If you recall the rectigraph from earlier, the reality of operating a transit system produces some pretty ugly data. And to squash that data into shape to simplify it for our riders took a lot of effort.

Here's a snapshot of what that effort sometimes looked like: a combination of persistence, insistence, and asking for help along the way.

Final Thoughts

It's no secret that every transit system has its shortcomings. My great pleasure in having done this work for Dotcom is undoubtedly not for the praise. Anyone who follows the MBTA's official Twitter account knows: congratulations are not coming. But wrestling with these challenges is worth it, given how vital this service is to my city. It makes me proud to tough it out and make even minor improvements every day. Not every project is an extensive sweeping redesign of something essential to the website like schedules - sometimes it's enabling small corrections about bike rack locations or putting a lost and found number somewhere someone might find it faster.

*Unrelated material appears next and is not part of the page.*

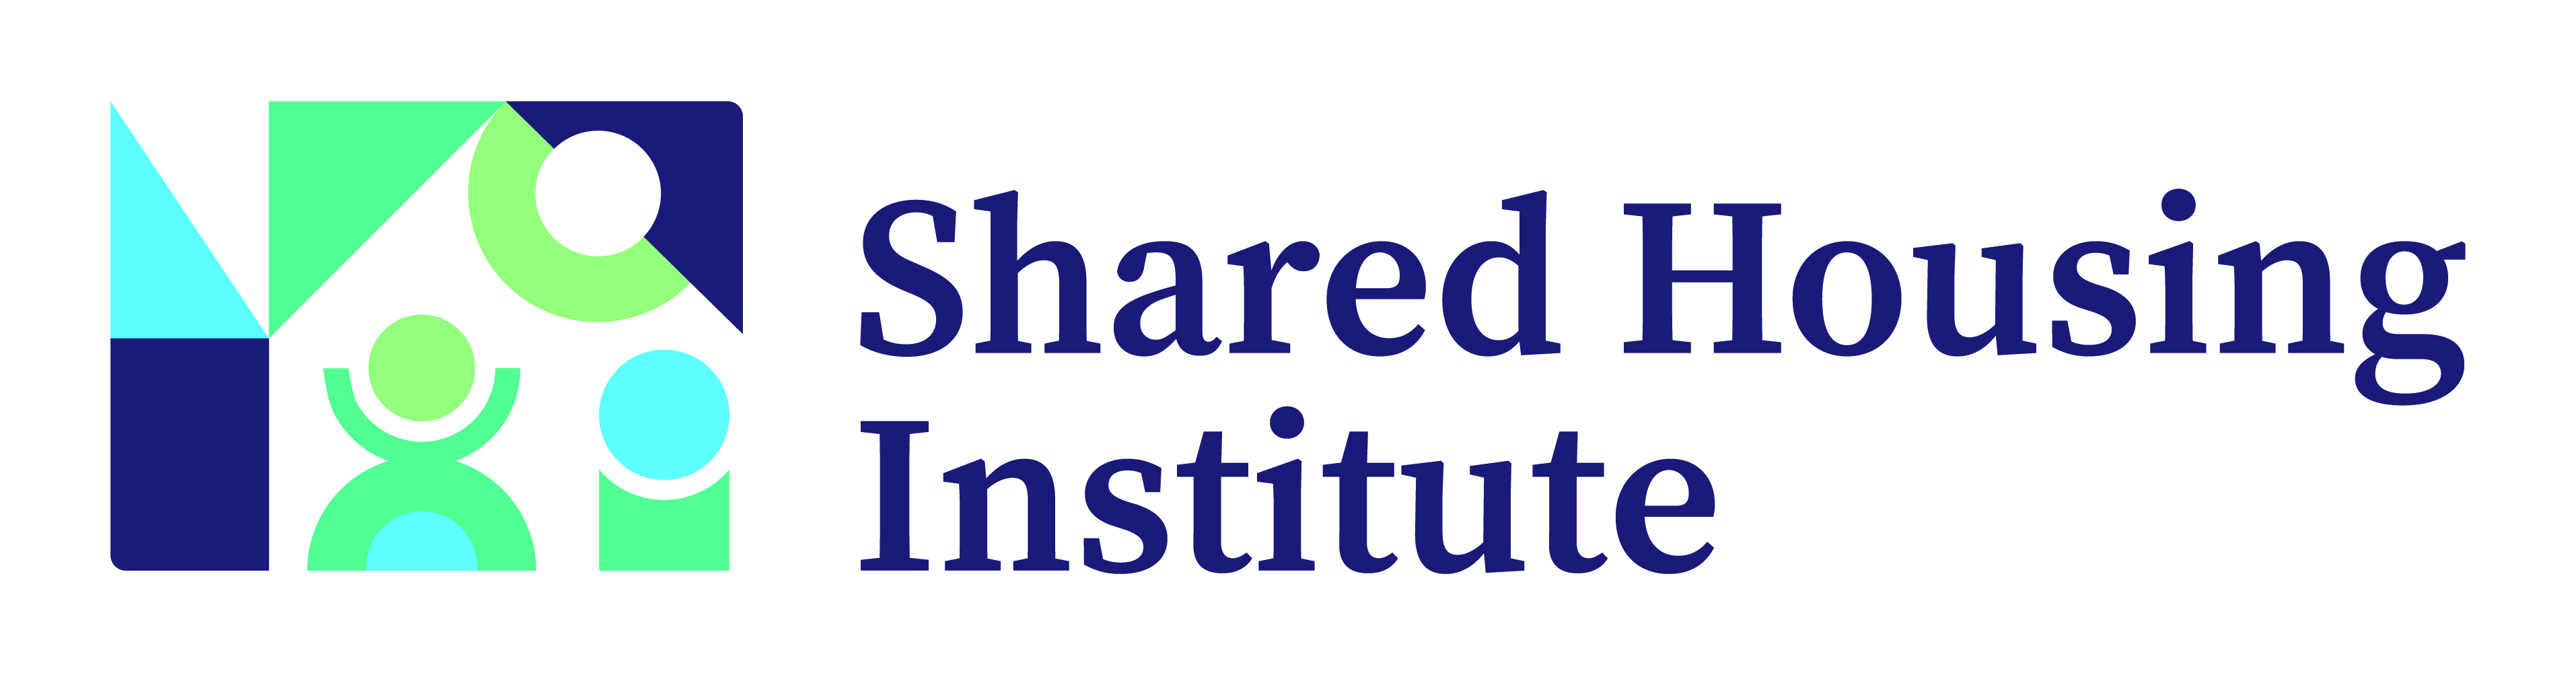 shared housing institute logo

Overall, the existence of digital schedule information and public realtime data is relatively new for the T.  It's bringing opportunities to think and drive the direction for much more than the website and playing into how the organization feels about its public communications and service delivery changes. Whether my work has directly impacted that or not, it's been some of my proudest work, and I look forward to more challenges to come.